● **INPUT DATA**:
⁂
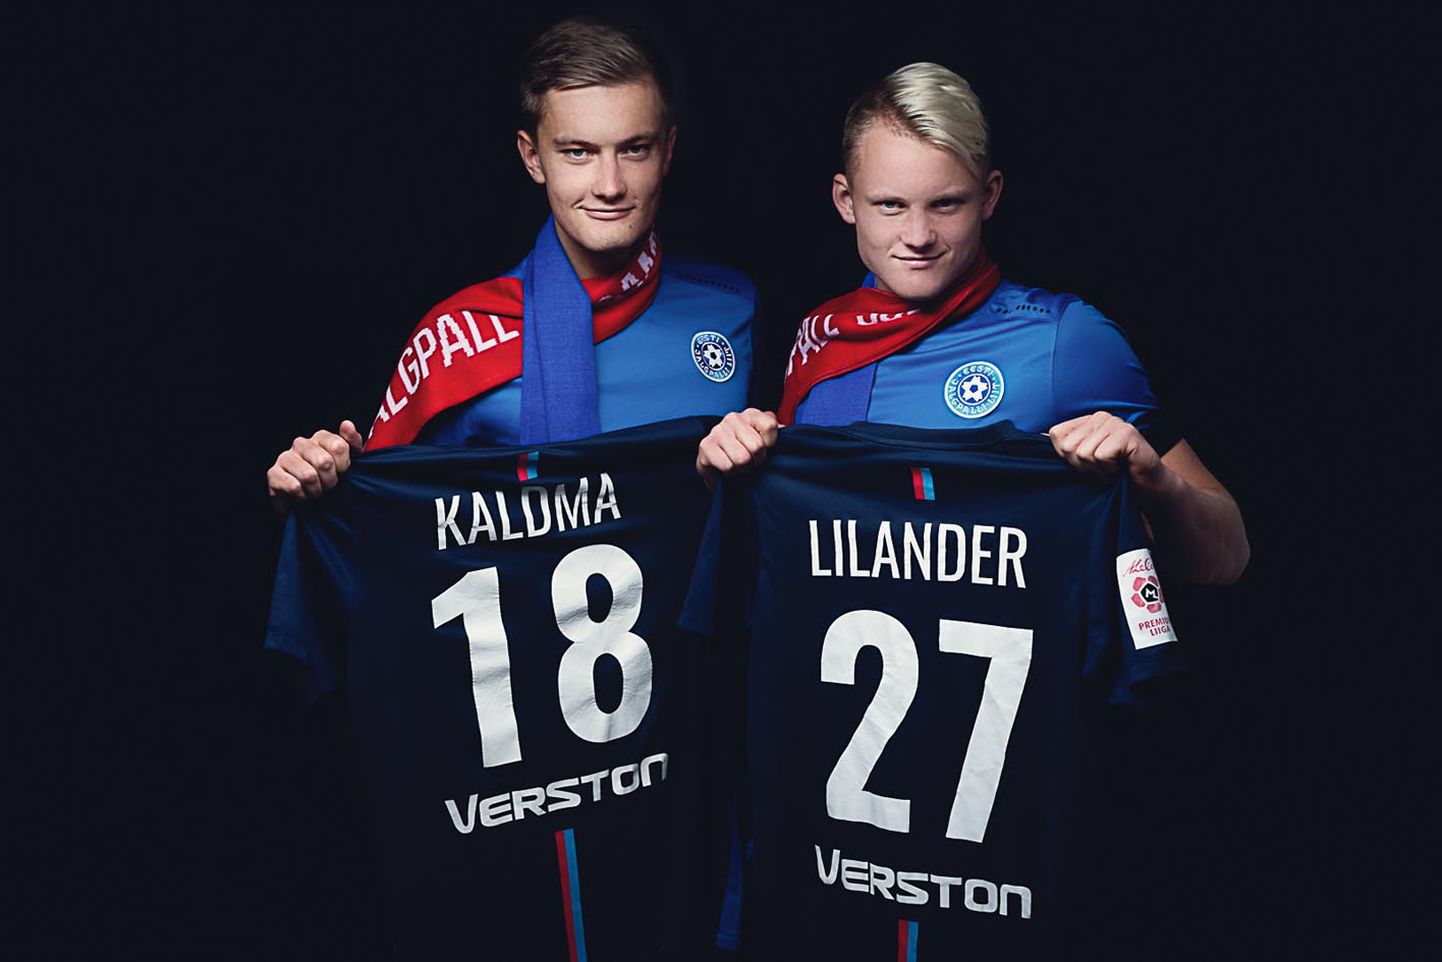 Eesti A-koondises debüüdi teinud Paide linnameeskonna kaitsjad Sören Kaldma ja Michael Lilander pikendasid klubiga lepingut 2019. aasta lõpuni.
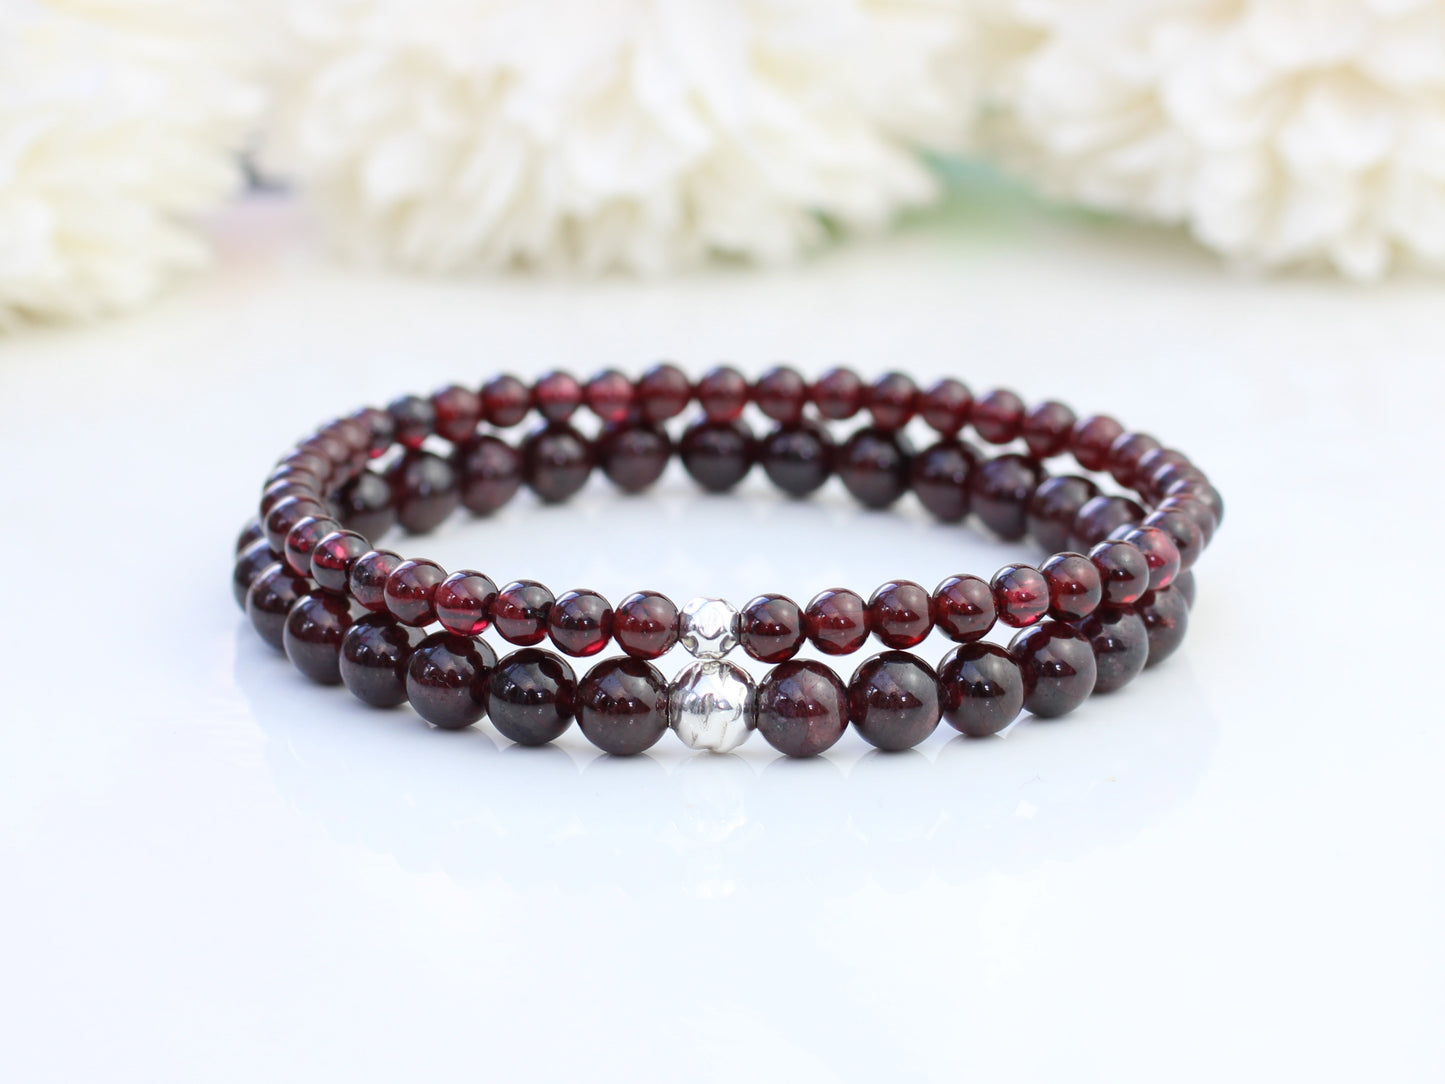 Garnet gemstone bead bracelet.
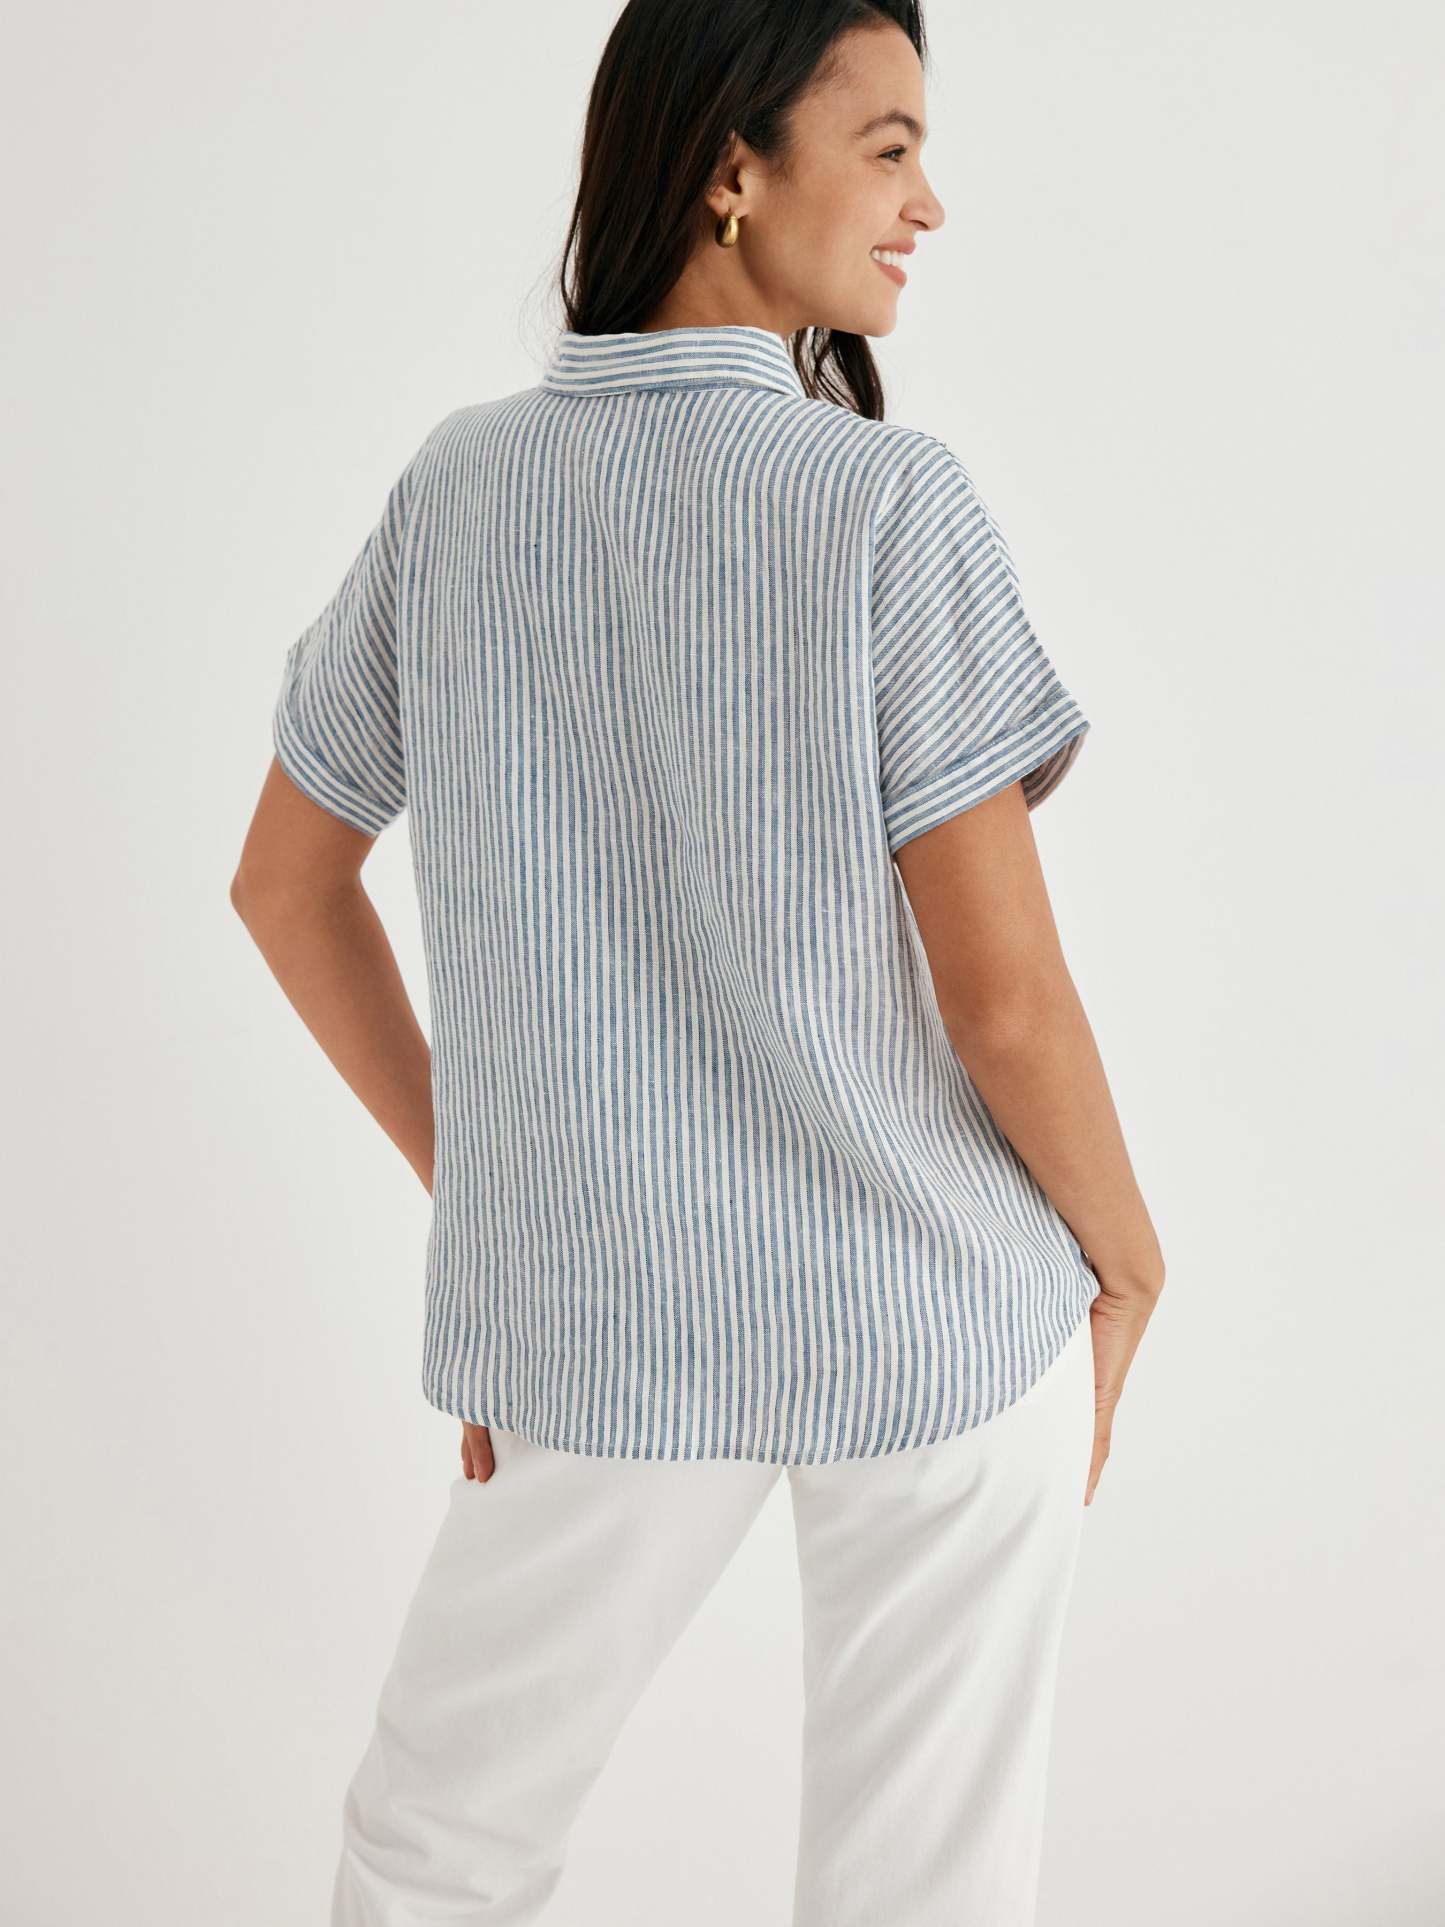 Cozinen 100% Linen Striped Classic Button-Front Shirt
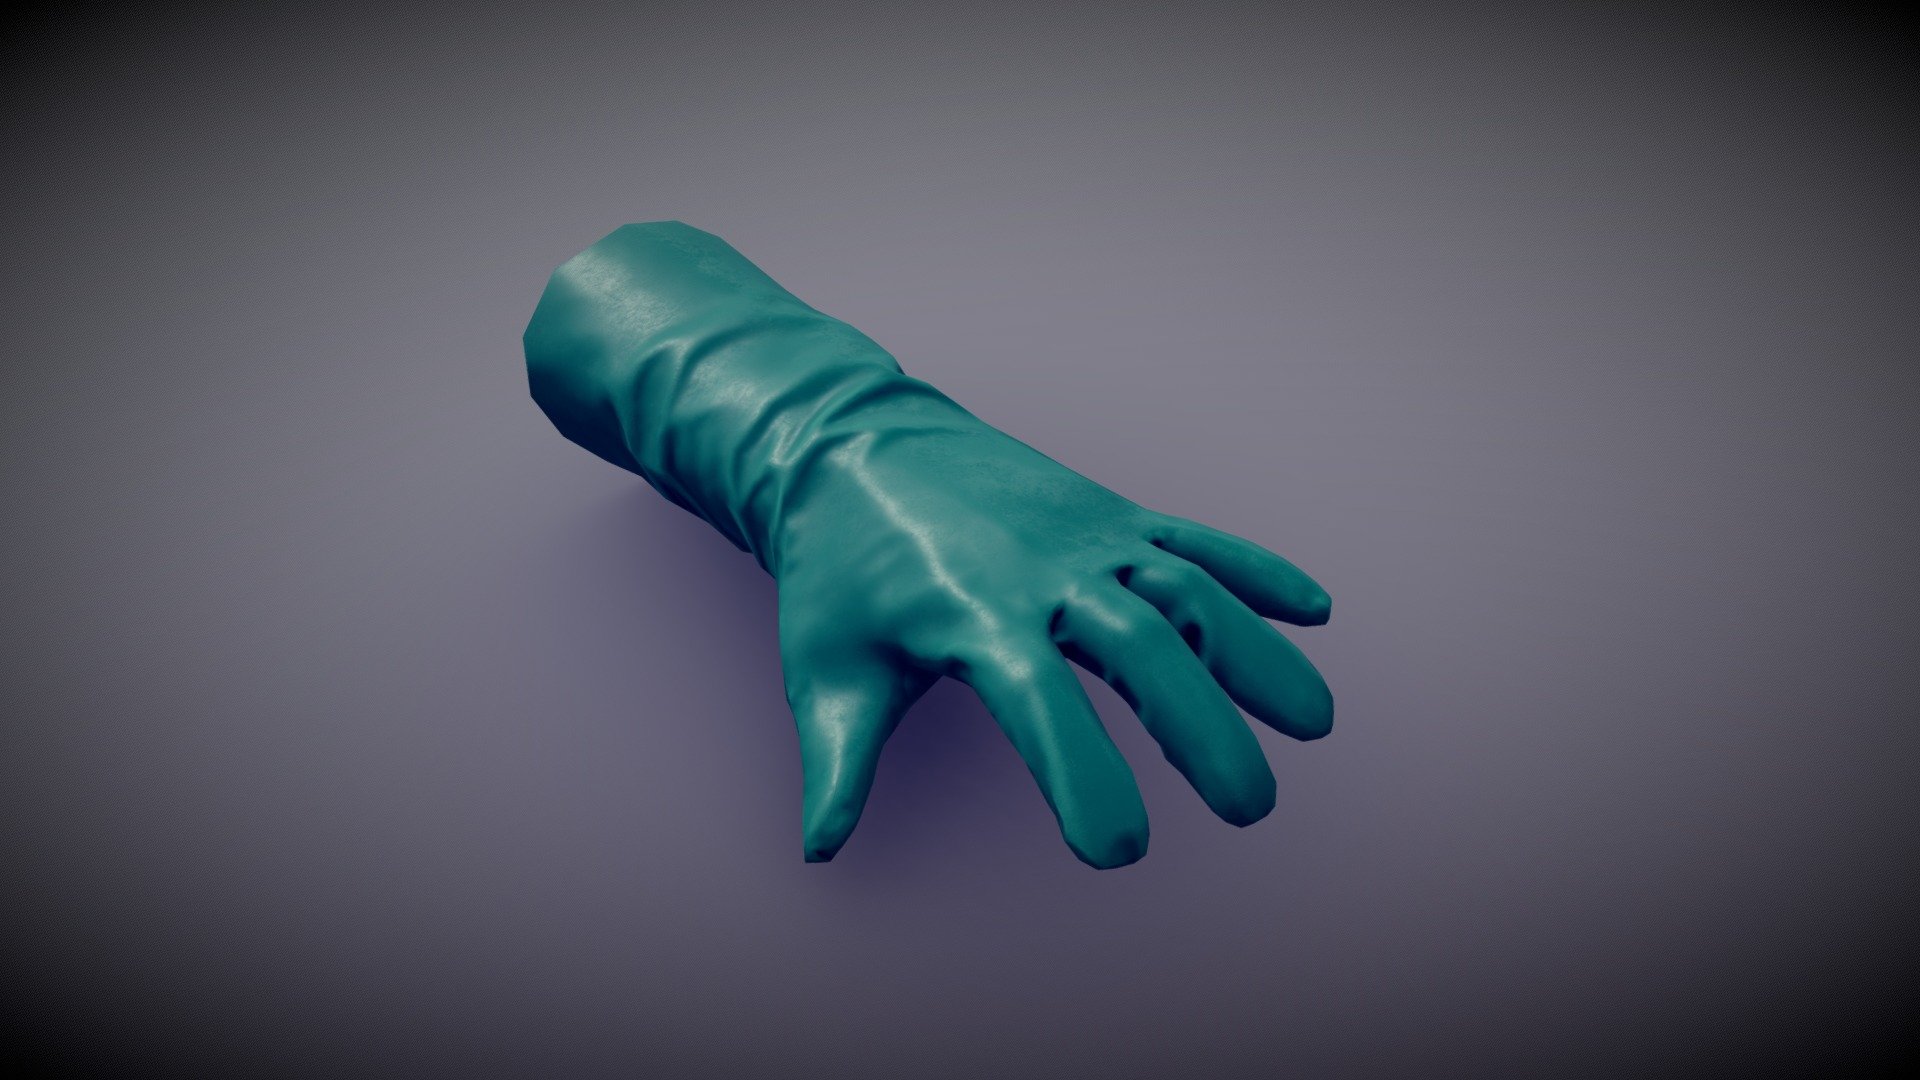 little Marvelous designer exercice - Plastic Glove - Buy Royalty Free 3D model by lomepawol 3d model
⁂
● **TASK BRIEF**:
Your copy should start at the line with "Cozinen 100% Linen", stop at the last line of the listing above, match exactly, and contain no pictures.

● **FINISHED TASK**:
 Cozinen 100% Linen Striped Classic Button-Front Shirt
 little Marvelous designer exercice - Plastic Glove - Buy Royalty Free 3D model by lomepawol 3d model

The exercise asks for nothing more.